• The task: Every line of the listing below is to be repeated exactly; the pictures stay out.
═════ Provided data
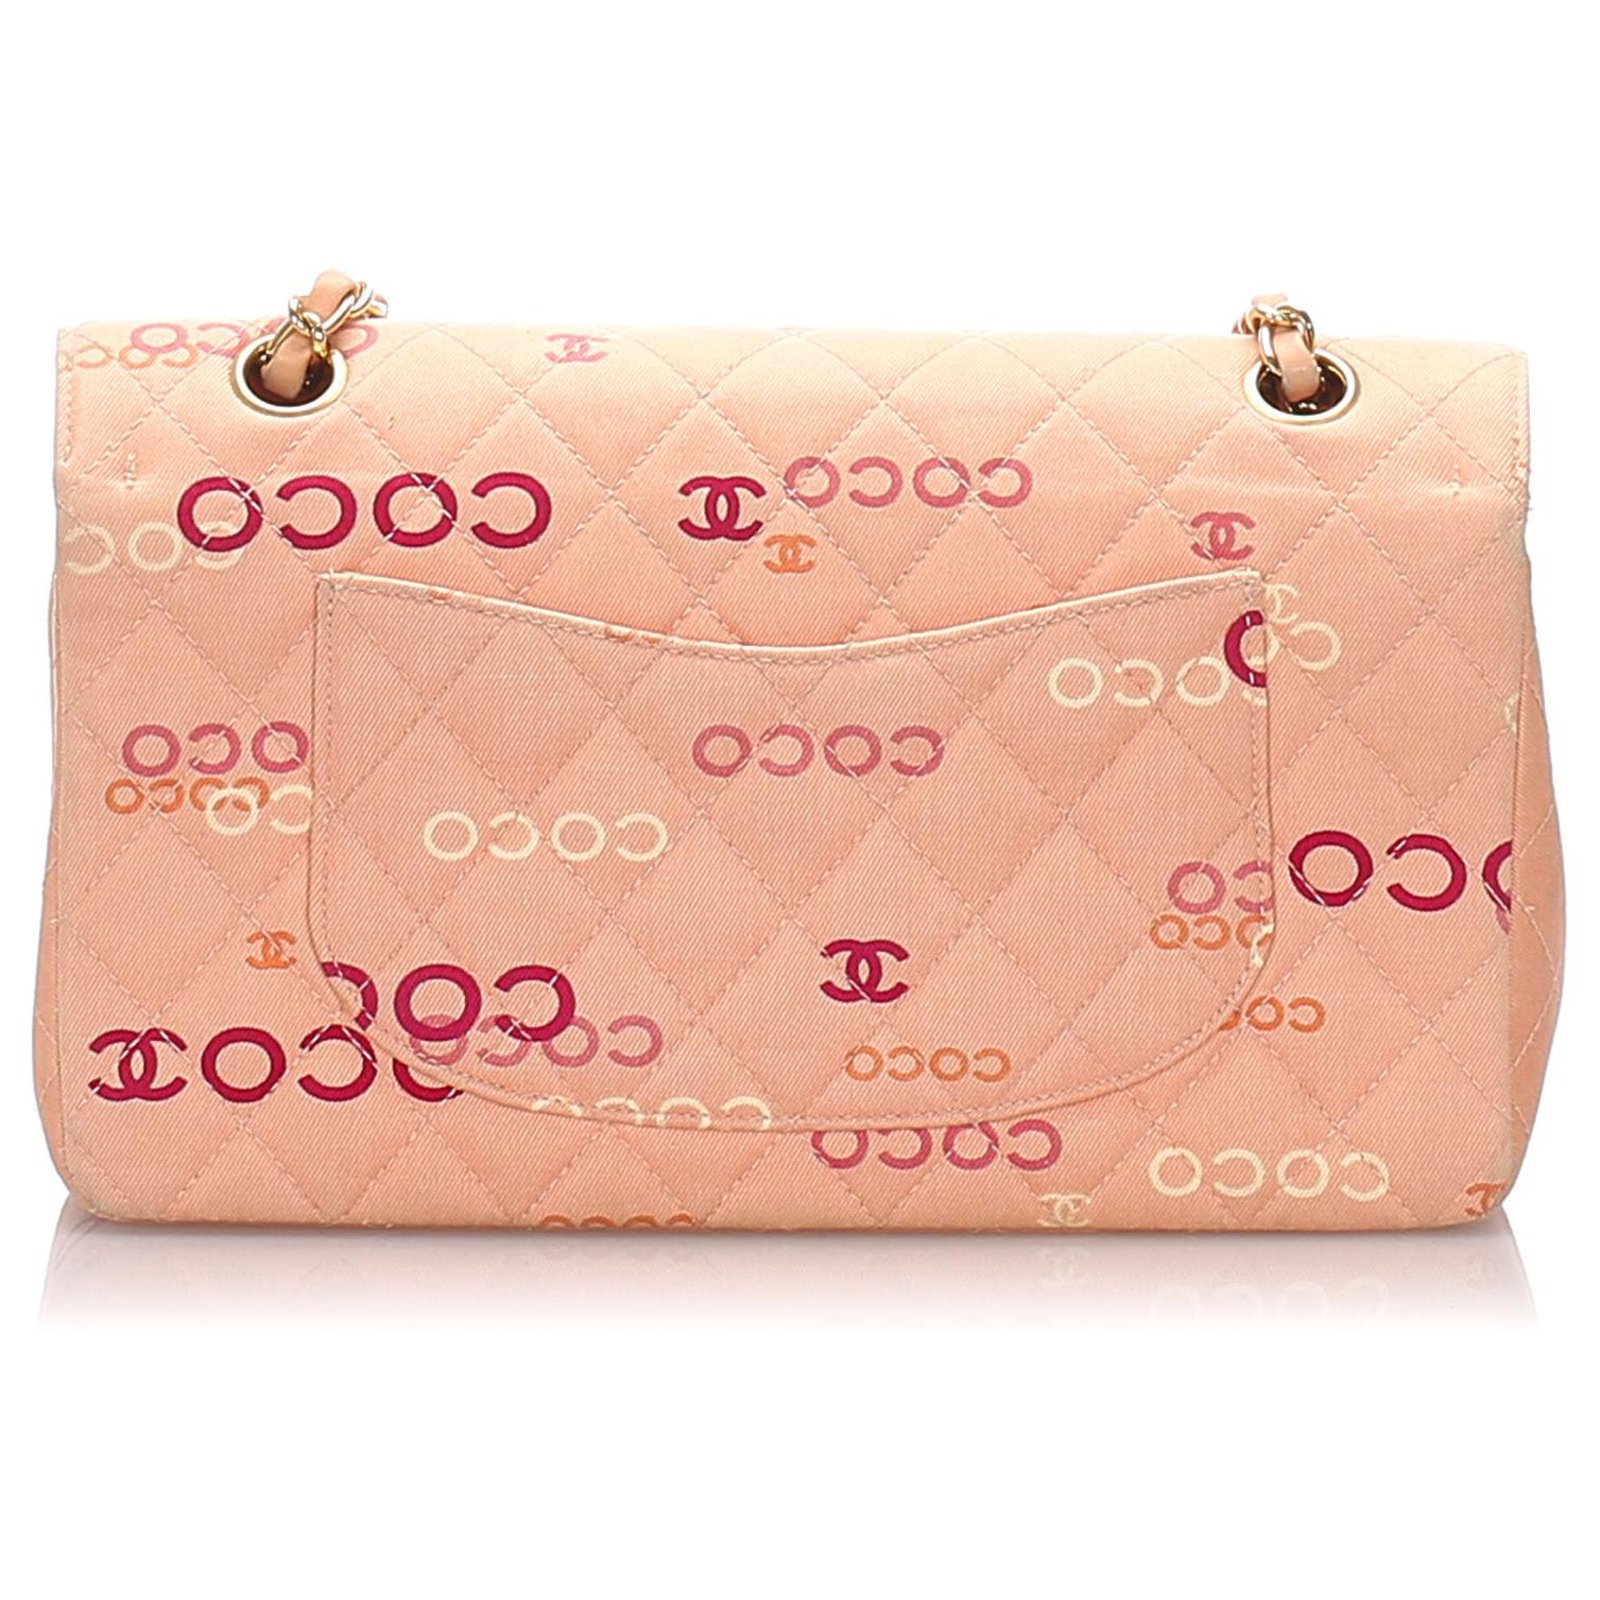 Chanel Pink Medium Coco Classic lined Flap Bag
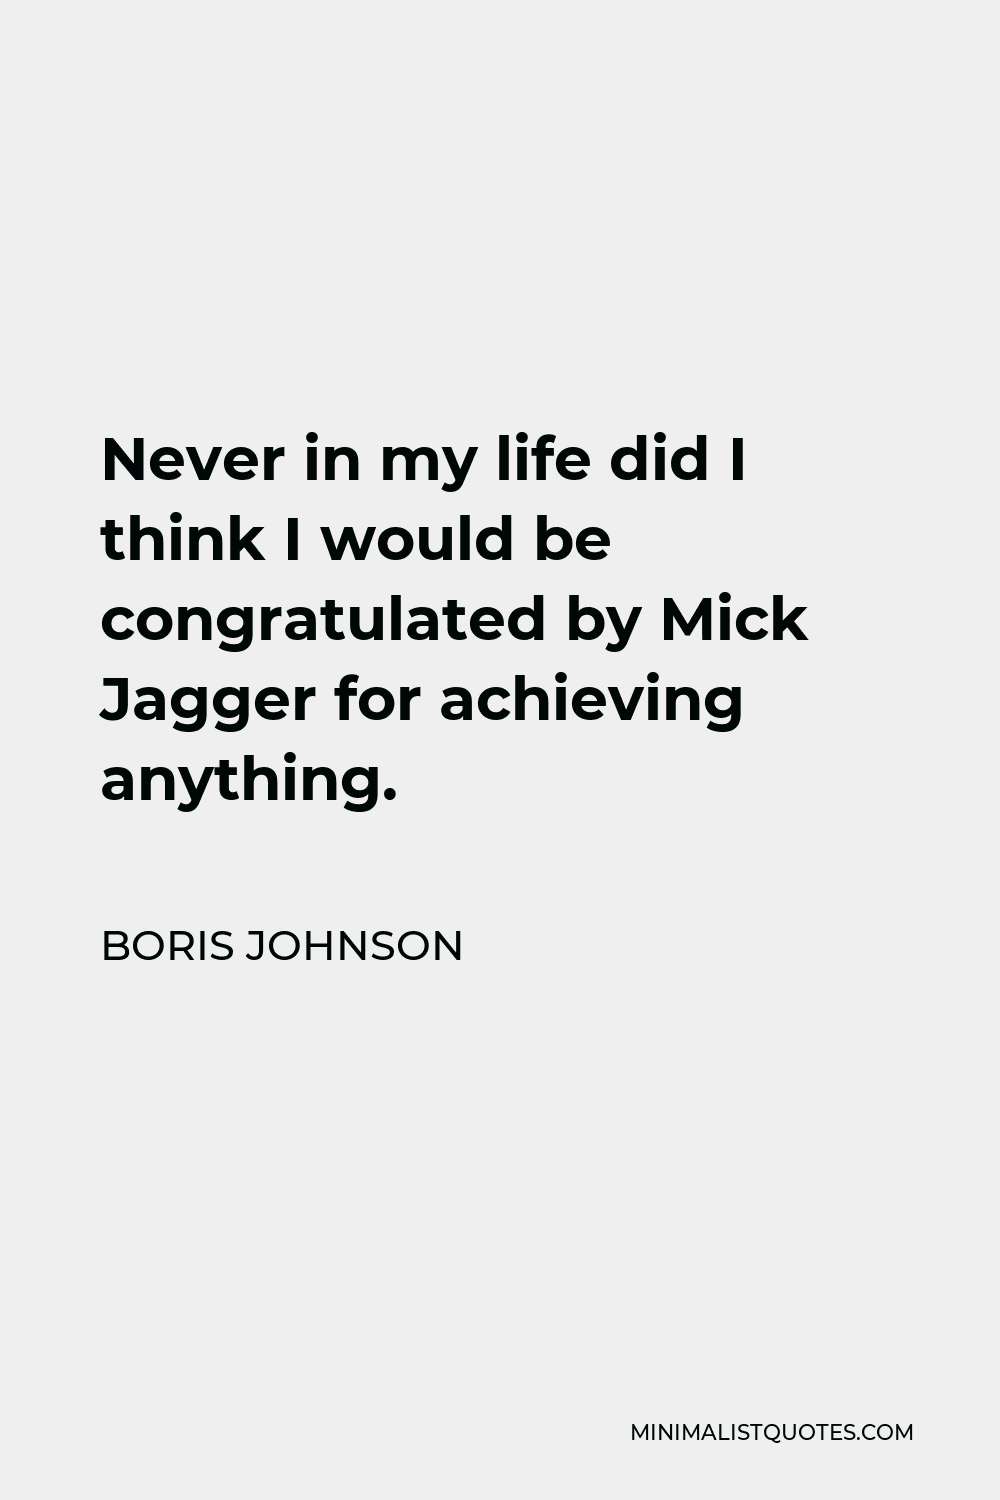 Boris Johnson Quote - Never in my life did I think I would be congratulated by Mick Jagger for achieving anything.
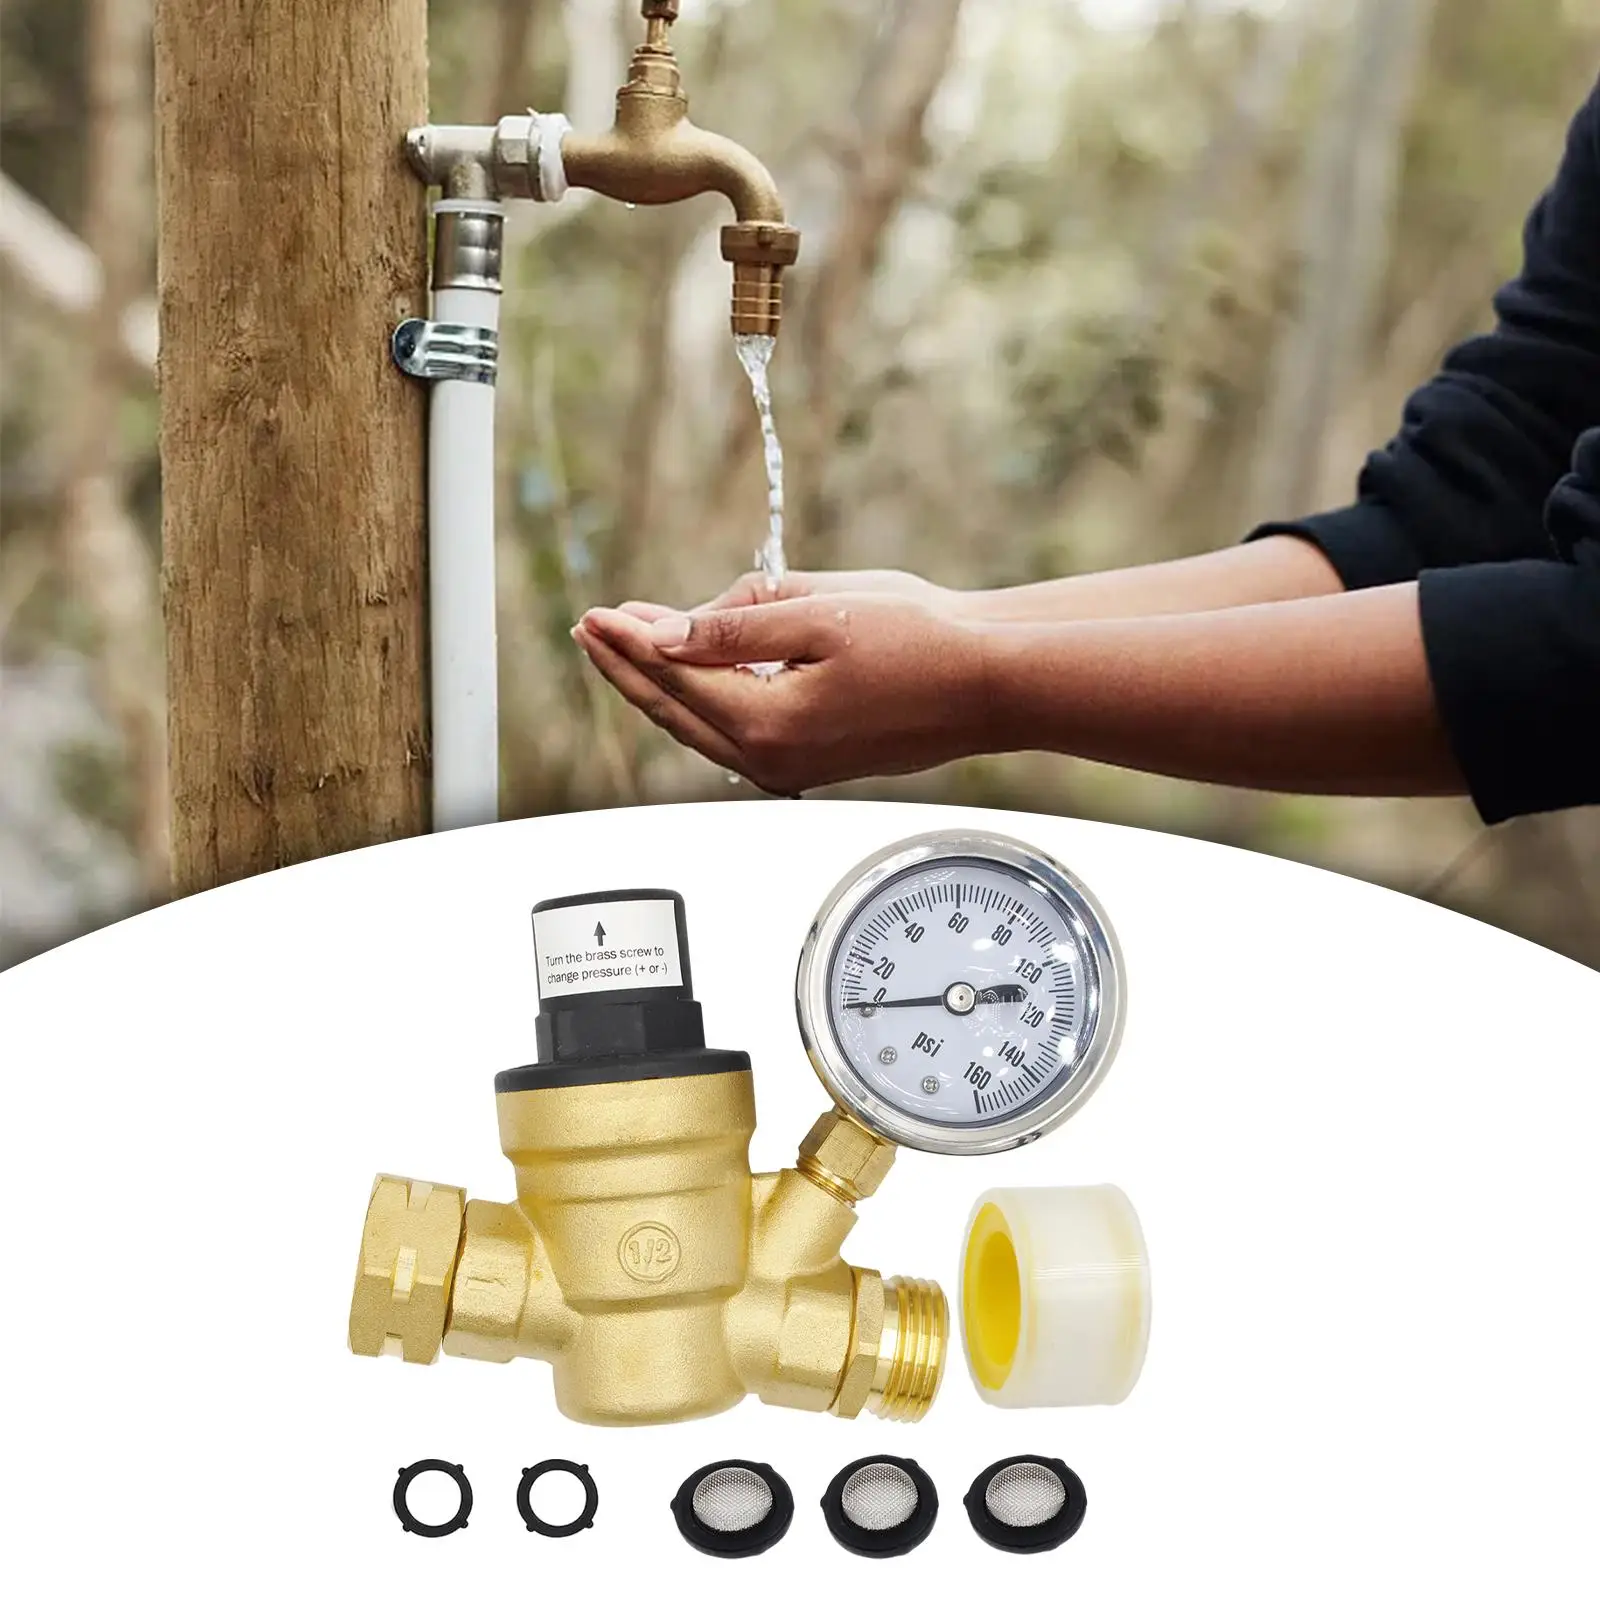 Water Pressure Valve Easy Connection to Faucet 3/4in Plumbing System RV with Gauge 160PSI Garden Water Pressure Reducing Valve
══════════
• Exercise output:
 Chanel Pink Medium Coco Classic lined Flap Bag
 Boris Johnson Quote - Never in my life did I think I would be congratulated by Mick Jagger for achieving anything.
 Water Pressure Valve Easy Connection to Faucet 3/4in Plumbing System RV with Gauge 160PSI Garden Water Pressure Reducing Valve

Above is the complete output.